For Dolan, kindergarten. For Addison, the two year anniversary of finally achieving the dream of a child to call her own.
It isn't easy, and it wasn't ideal, costing her a great relationship with a good man who now remains her friend, but it was the only constant, her ache for a baby. And at her lowest low, she decided to fill out another round of adoption paperwork because the only thing it was wasting was her sanity, and some unfortunate fifteen year old girl picked her when the going got tough, a glorious moment, no one to share it with.
As she wrangles Dolan into nicely petting 'kitty', she quickly braids the other half of her wavy hair, and thinks how things could have gone better. Certainly it would be nice to have a man in the picture to hold her hands, or free them when need be. And it would be great if she had less working mother's guilt, but her job wasn't a sacrifice she could give. So they strike an odd compromise, Dolan keeping her on her toes constantly, learning something new every second, Addison trying to catch up, completely mesmerized.
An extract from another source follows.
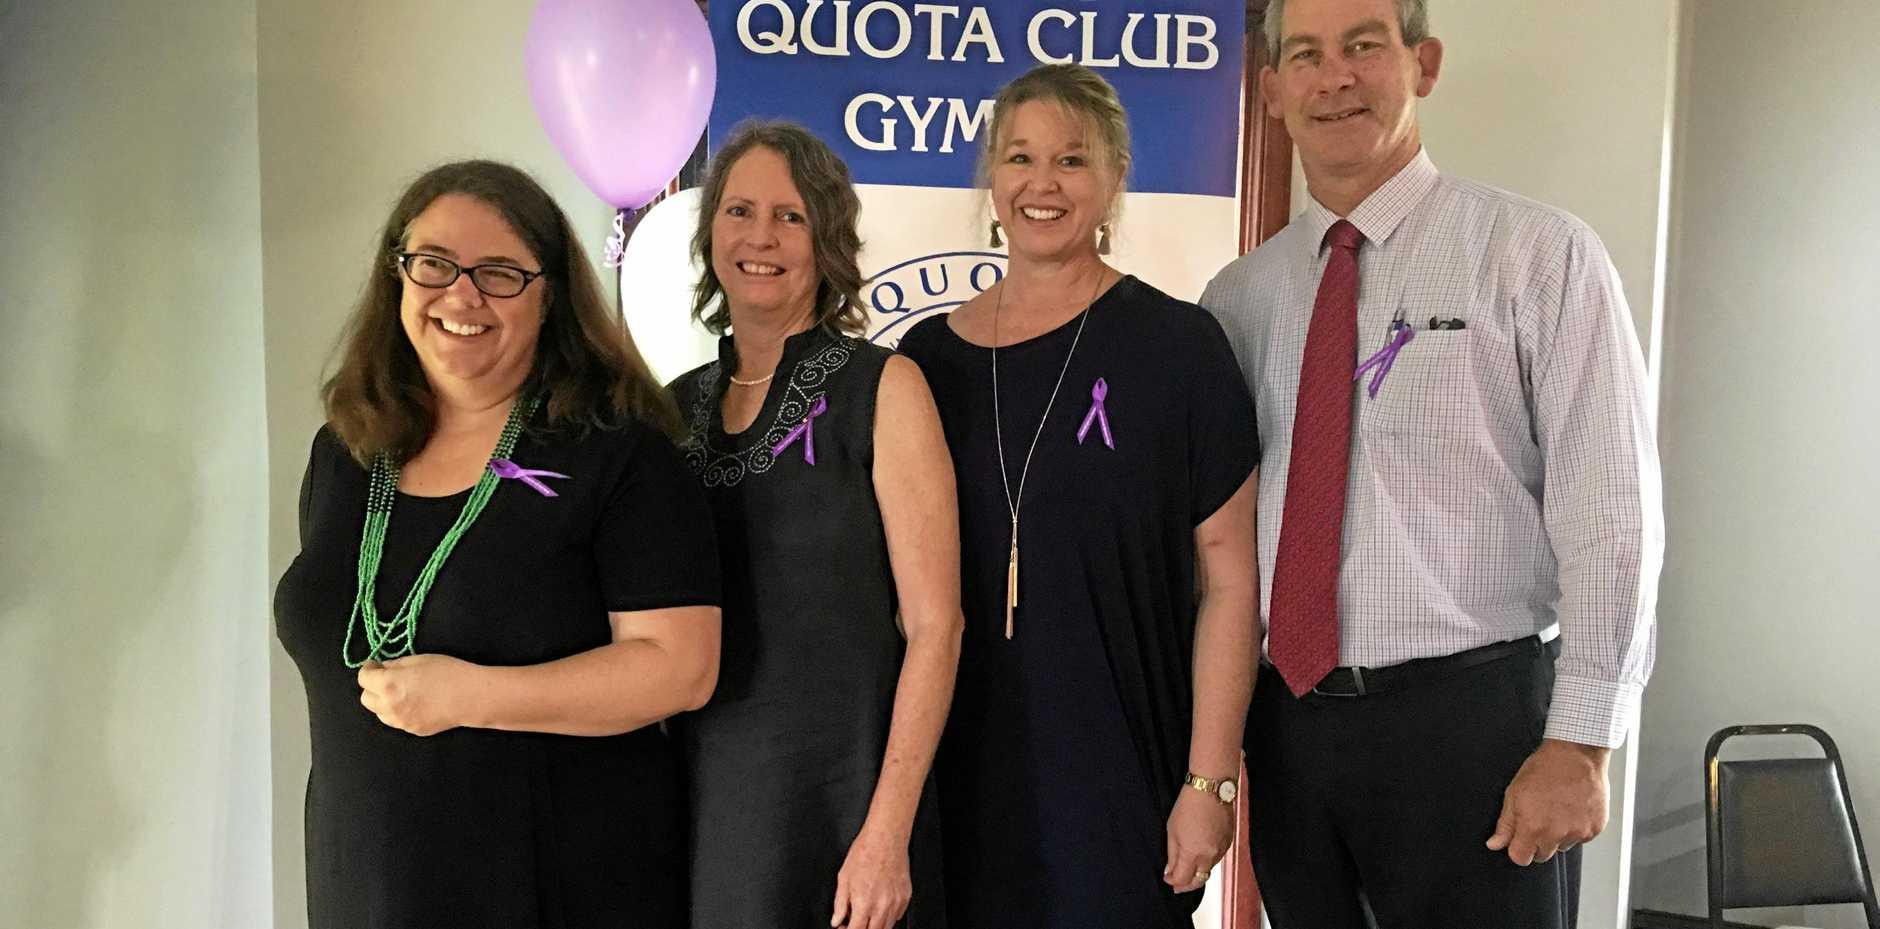 Mayor Mick Curran (far right), with Quota Club members Carolyn Mandersloot, Jenny Blyth, and Sue Curran.

There's a heap of toys in her office, hiding behind the pristine desk, and Sam doesn't come around as often anymore because it still stings, but as she finally releases Dolan into a pack of her new classmates, the child more outgoing than any offspring Addison could have ever produced, she knows it was all worth it.
She's finally arrived, and there's a peace in her mind, in her soul that Addison just can't put a price on.